Dans d’autres cas, il se peut que vous fassiez partie d’un contrôle de plus grande ampleur, décidé par les services supérieurs de l’administration fiscale (par exemple, des contrôles visant toutes les PME dans le secteur du BTP, dépassant un certain chiffre d’affaires, ou toutes les banques concernant la TVA dans leurs activités financières, ou toutes les entreprises de marketing digital relativement à leurs opérations avec leurs fournisseurs étrangers...). Dans ces cas, l’administration a identifié certaines pratiques qui lui paraissent pouvoir générer des redressements fiscaux, et déclenche des contrôles de masse.

Pour finir, il pourra aussi souvent s’agir d’informations transmises par votre banque, qu’elle soit française ou étrangère. En effet, 95% de l’information transmise au fisc l’est par les banques, sans que le client en soit averti. Il peut s’agir de l’encaissement d’espèces sur votre compte, de la réception d’un ou de virements aux montants élevés (surtout s’ils proviennent de l’étranger). Il s’agira aussi, de plus en plus, d’informations transmises par votre banque étrangère au fisc français. En effet, il existe dorénavant avec une cinquantaine d’Etats des accords de transmission automatique des données bancaires au fisc français. Je constate de plus en plus souvent de telles transmissions d’informations par les banques étrangères (si vous avez reçu un courrier en ce sens du fisc, réagissez vite, afin d’empêcher que la situation s’envenime !).

 

Principalement, des redressements fiscaux (nommés dans notre jargon, de manière pudique, des rectifications fiscales). Les impôts considérés comme dus sont bien entendu remis à votre charge, mais assortis de pénalités qui peuvent aller de 10% à 80% et d’intérêts de retard au taux de 4,80% par an.
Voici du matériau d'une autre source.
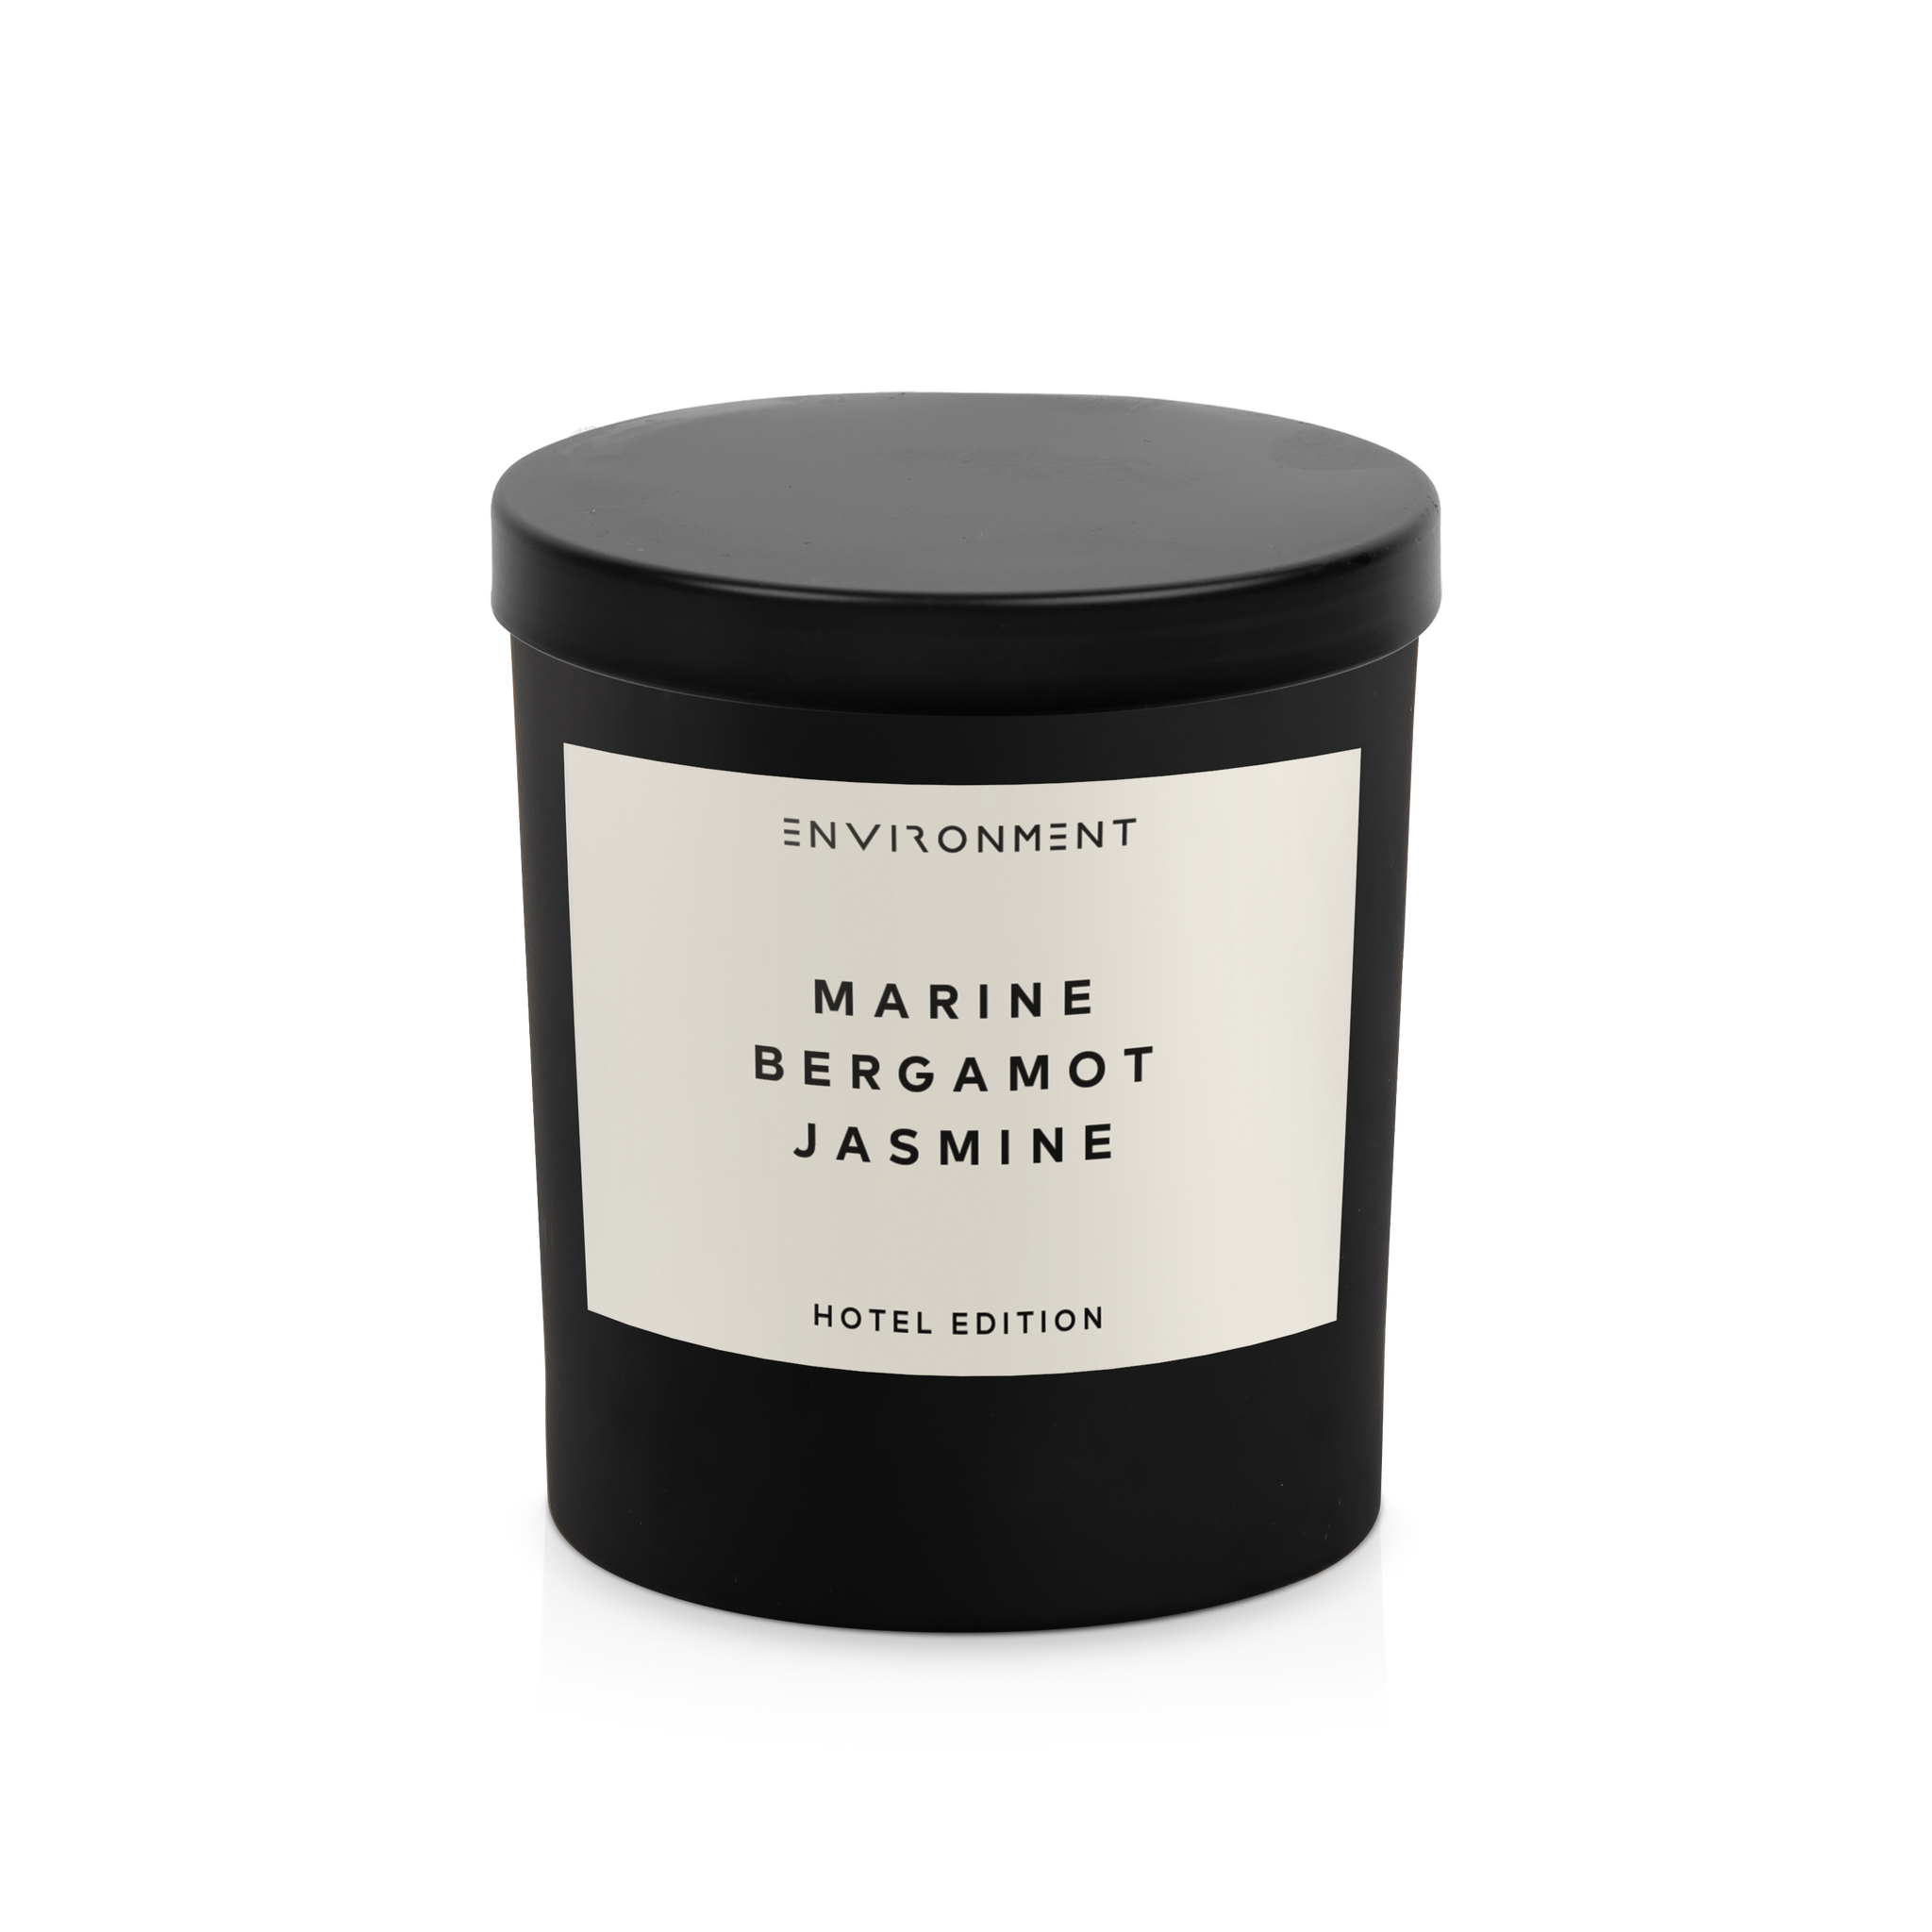 Marine | Bergamot | Jasmine 200ml Diffuser and 8oz Candle Gift Pack (Inspired by The Ritz Carlton Hotel®)

Par ailleurs, dans certains cas, mais de plus en plus souvent, des poursuites pénales dont les suites peuvent être des amendes, une inscription au casier judiciaire, de la prison avec sursis, et, beaucoup plus rarement, de la prison ferme (dans les cas les plus extrêmes).

Cependant, en ne laissant pas les choses dégénérer, c’est-à-dire, concrètement, en prenant les choses à bras-le-corps au plus tôt, de manière rigoureuse et experte, la donne sera souvent très différente et clairement moins défavorable au contribuable.
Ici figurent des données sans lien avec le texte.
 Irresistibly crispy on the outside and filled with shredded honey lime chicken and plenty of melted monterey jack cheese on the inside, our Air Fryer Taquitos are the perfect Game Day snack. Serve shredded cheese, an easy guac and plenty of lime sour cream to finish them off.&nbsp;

En effet, comme partout, si vous laissez l’autre partie (en l’occurrence, l’administration fiscale) établir d’elle-même et en toute liberté « la facture », les redressements seront souvent très lourds.

 

Les contribuables se sentent souvent, en première intention, démunis face à l'administration fiscale, surtout dans le cas des plus petites sociétés ou de particuliers.
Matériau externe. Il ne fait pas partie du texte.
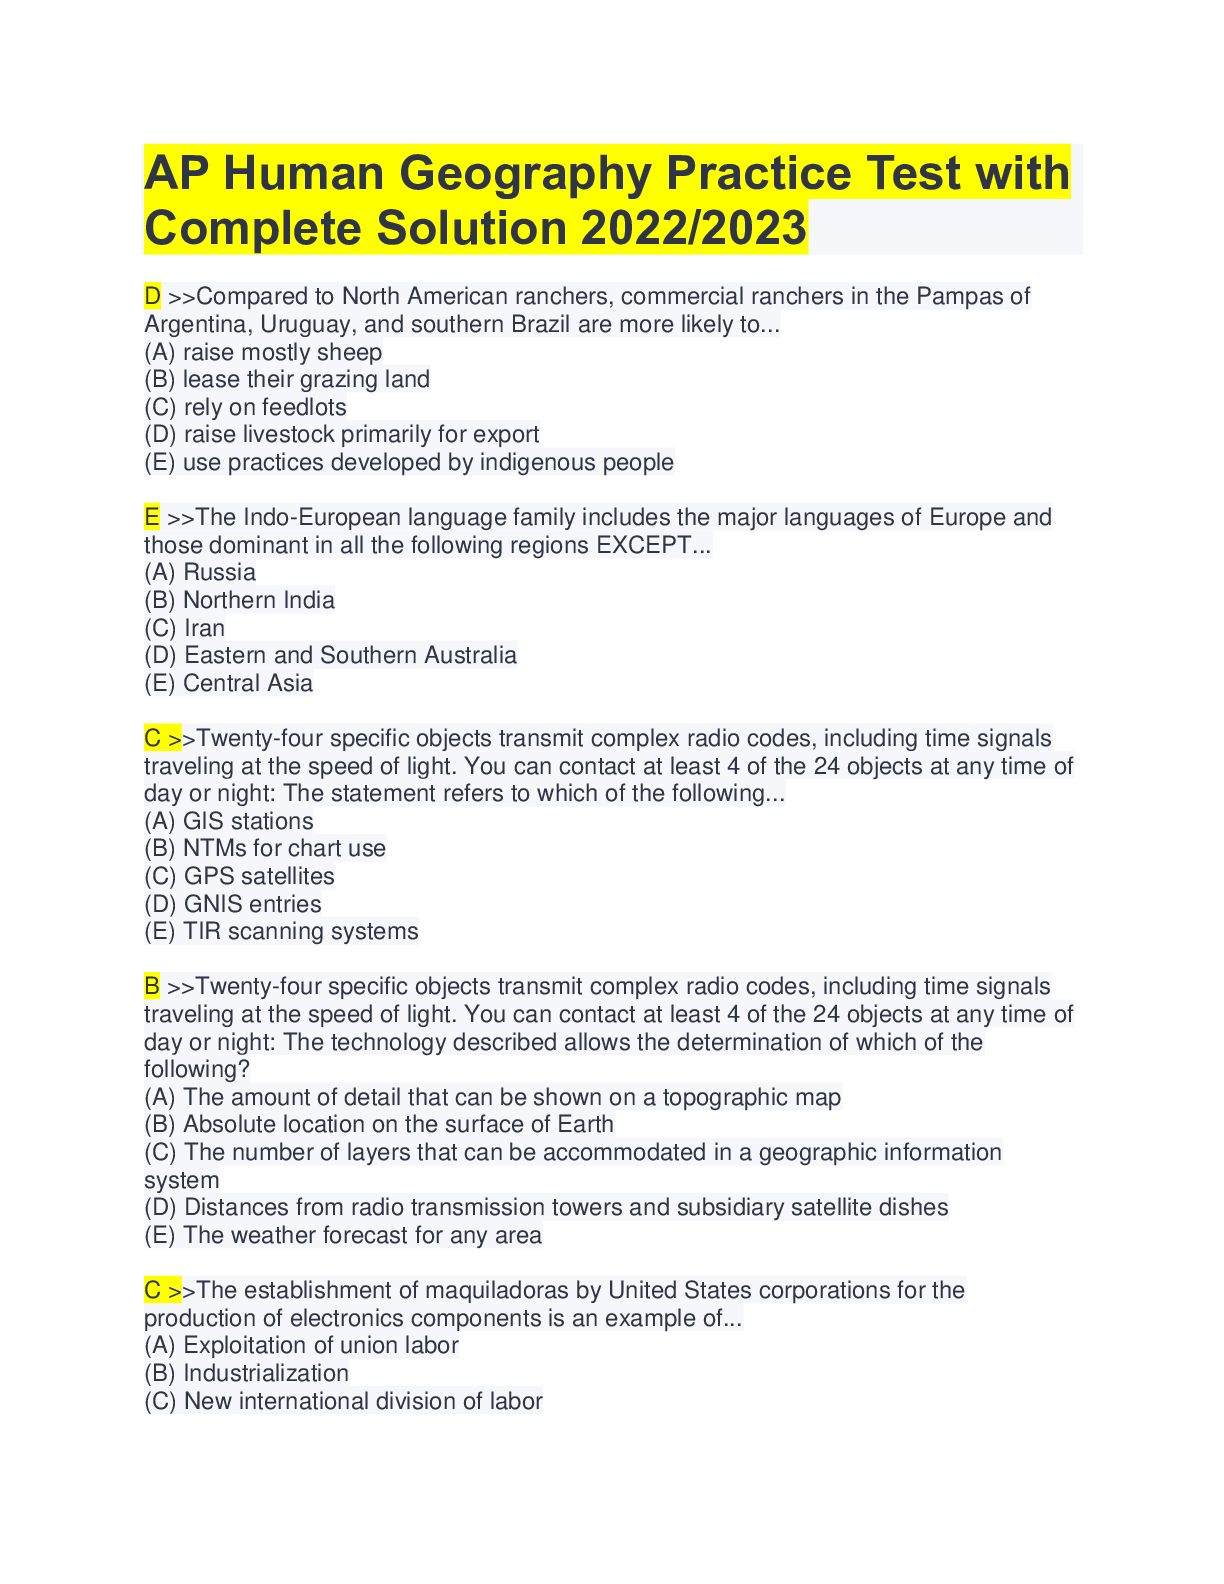 ap-human-geography-practice-test-with-complete-solution-2022-2023

Cependant, dans la grande majorité des cas, des solutions existent.

Les droits de l’administration fiscale sont étendus.

Mais les textes ont prévu un équilibre des droits entre le fisc et le contribuable contrôlé.

Les droits du contribuable contrôlé, sont donc, eux aussi, étendus.

L’idée n’est pas de rentrer dans une démonstration technique de la liste des droits du contribuable contrôlé. Mais sachez qu’il en existe beaucoup.

Pour vous donner une idée, le code fiscal fait 3638 pages. Et il ne s’agit que de la partie visible du droit fiscal. Il existe en effet, en plus de ce code, des textes européens, des conventions fiscales internationales, des jurisprudences, des textes écrits par le fisc…

A l’intérieur de cette masse gigantesque de textes applicables, il existe très souvent des textes favorables au contribuable, dans la situation qui lui est spécifique.

            En matière de défense à contrôle fiscal, il y a une chose simple mais cruciale à comprendre

C’est à l’administration fiscale de démontrer que le contribuable a fauté, et ce à l’appui de textes précis. Il nous suffira donc de reprendre de manière rigoureuse et experte chaque élément de la procédure, chaque argument, chaque texte utilisé par le fisc, pour en pointer les faiblesses ou l’inadaptation à la situation spécifique, pour faire tomber les redressements

 

         Vous représenter devant l’administration fiscale

C’est-à-dire « lui parler à votre place » en votre nom (emails, échanges téléphoniques, courriers…). Vous êtes immédiatement déchargé de la pression psychologique du contrôle.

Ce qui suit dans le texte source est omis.